Dimension	Repomix	sourcebook
Method	File concatenation	Static analysis + git history + import graph
Output	Full repo dump (one text file)	Structured brief (CLAUDE.md / .cursorrules)
Output size	Thousands to hundreds of thousands of lines	50–80 lines typically
Token cost	High — scales with repo size	Low — fixed-size brief regardless of repo
Privacy	Full source code in output	No source code in output — only structural facts
What it captures	Code contents, file tree	Hub files, coupling, conventions, anti-patterns, build commands
What it misses	Structural relationships, conventions, git history patterns	Actual code contents (agent reads files on demand)
Runtime	Seconds (file walk)	Seconds (analysis + git)
LLM required	No	No — pure static analysis

Benchmark results

We tested both tools on real GitHub issues using claude-sonnet-4 (pinned). Each condition was given the same task: fix the issue, produce a patch. We measured time to completion, tokens consumed, and patch thoroughness (files changed, lines in diff).

Format below: time / files changed / patch lines

Task	No context	Repomix	sourcebook v0.5
cal.com #27298 OAuth i18n strings	241s / 5f / 381L	176s / 3f / 283L	136s / 6f / 469L
cal.com #27907 PayPal i18n strings	94s / 5f / 314L	121s / 5f / 314L	113s / 6f / 458L
hono #4806 Request body caching	253s / 1f / 31L	245s / 2f / 82L	267s / 2f / 101L
pydantic #12715 JSON schema fix	312s / 1f / 99L	208s / 1f / 35L	308s / 2f / 117L

Model: claude-sonnet-4-20250514 (pinned).
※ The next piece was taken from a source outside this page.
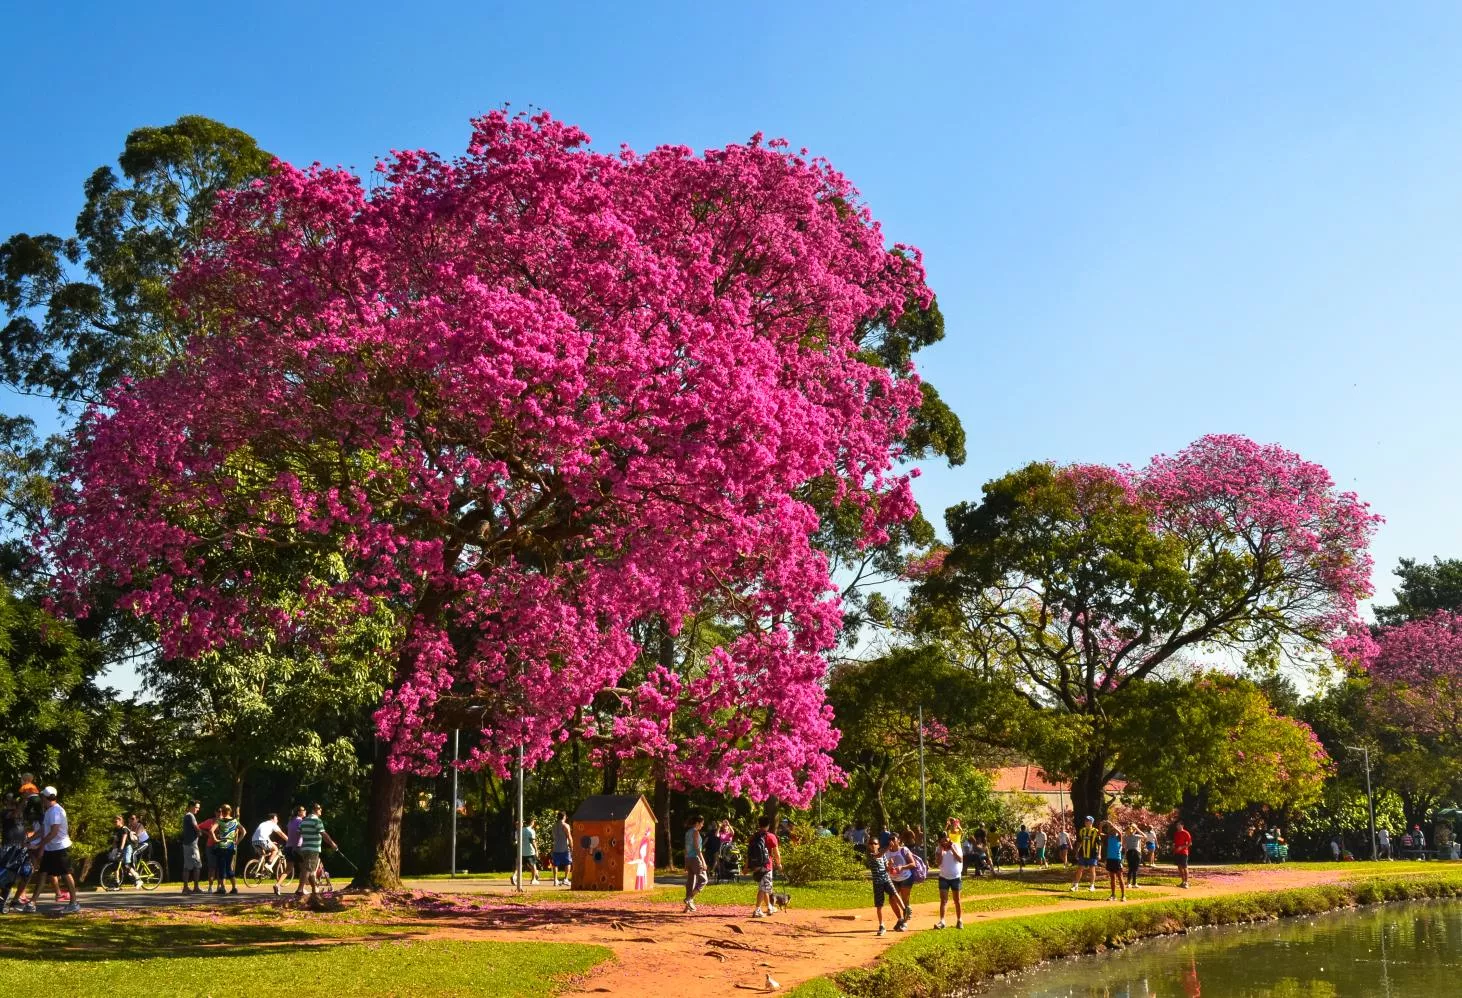 Ibirapuera Park in Brazil, South America | Parks - Rated 9.6

Single run per condition. Green = best patch thoroughness for that task. Full methodology →

What the numbers show

On patch thoroughness, sourcebook v0.5 produced more comprehensive patches on 3 of 4 tasks — more files changed, more lines in the diff. On cal.com #27298, sourcebook's patch was 66% larger than Repomix's (469 vs 283 lines) while completing 23% faster (136s vs 176s).
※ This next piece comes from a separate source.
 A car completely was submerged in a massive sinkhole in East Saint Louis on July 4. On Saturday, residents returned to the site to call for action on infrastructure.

On token efficiency, sourcebook's context file is orders of magnitude smaller. A 70-line brief vs a full repo dump means the agent spends more of its context window on reasoning, not reading.

The one exception: pydantic #12715, where Repomix completed faster (208s vs 308s) though with a much smaller patch (35 lines vs 117 lines). Library repos with deep module hierarchies remain harder for structural analysis than for brute-force inclusion.
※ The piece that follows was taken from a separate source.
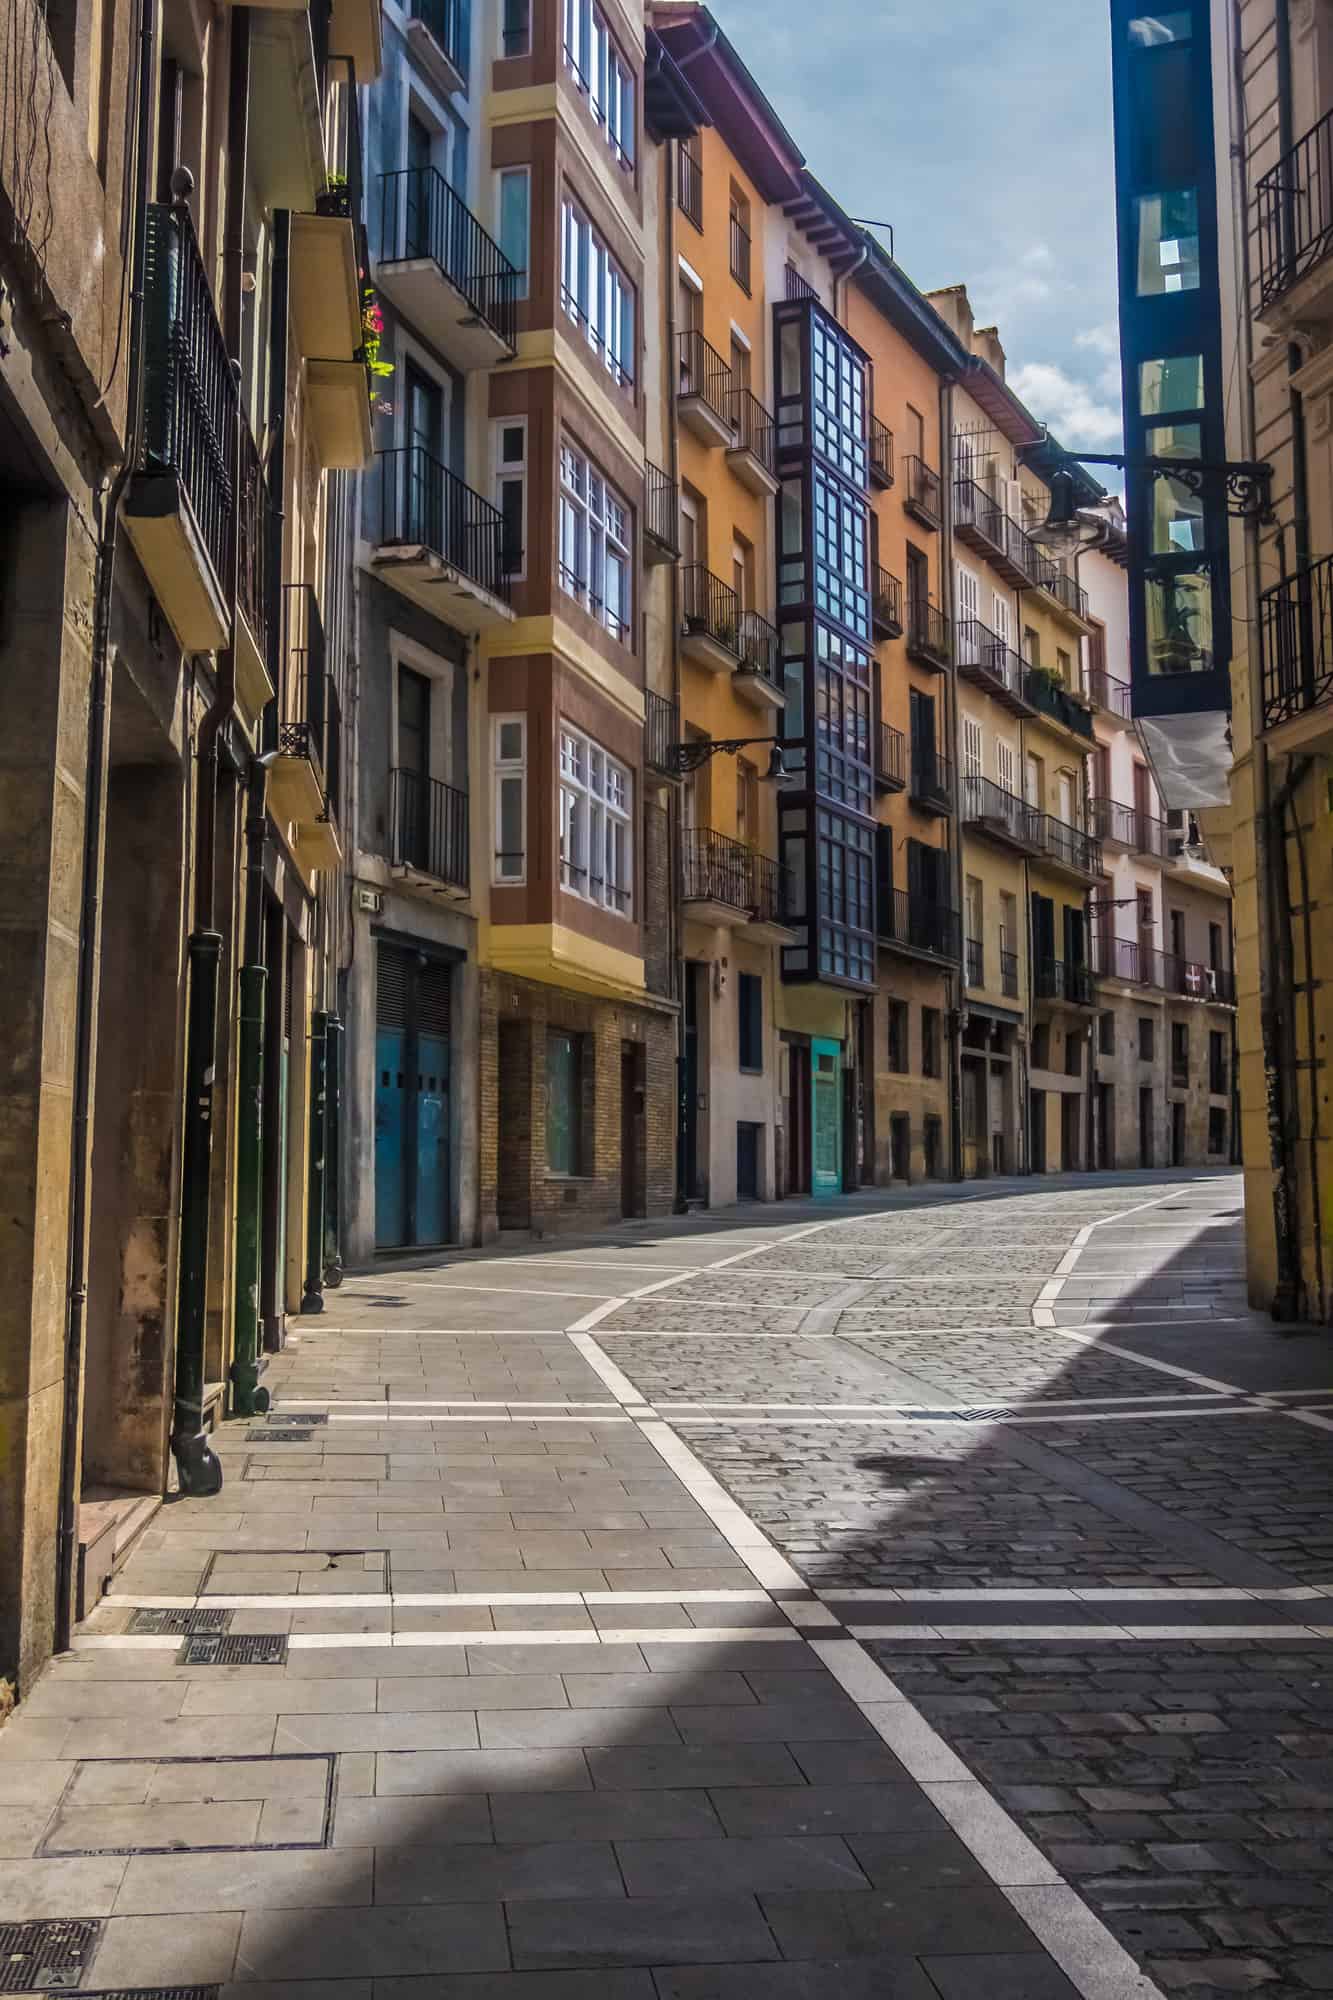 Estafeta Street, Pamplona (Iruña), the historical capitalof Navarre, Spain, Famous for the running of the bulls during the San Fermin festival brought to literary renown by Ernest Hemingway's novel The Sun Also Rises.

What Repomix includes that sourcebook doesn't

Actual code. Repomix gives the LLM the file contents. sourcebook doesn't — it expects the agent to read files on demand.
Complete file tree. Every file path is visible in the dump. sourcebook surfaces only the structurally important ones.
No analysis required. Repomix's output is immediate — no import graph, no git history, no pattern detection.

What sourcebook captures that Repomix doesn't

Hub files. Which files are imported by the most other files — the ones where a change has the widest blast radius.
Co-change coupling. Files that change together in git history but live in different directories — invisible dependencies.
Conventions. Dominant naming patterns, import styles, test frameworks, build commands.
Anti-patterns. Reverted commits, fragile files (many rapid edits), circular dependencies.
Build commands. Extracted from package.json, Makefile, pyproject.toml — ready-to-run dev/build/test commands.

When to use which

Use Repomix when you need to paste an entire small-to-medium repo into a single LLM prompt — for one-shot questions, code reviews, or when the LLM won't have file access. Best for repos under a few thousand files where token cost isn't a concern.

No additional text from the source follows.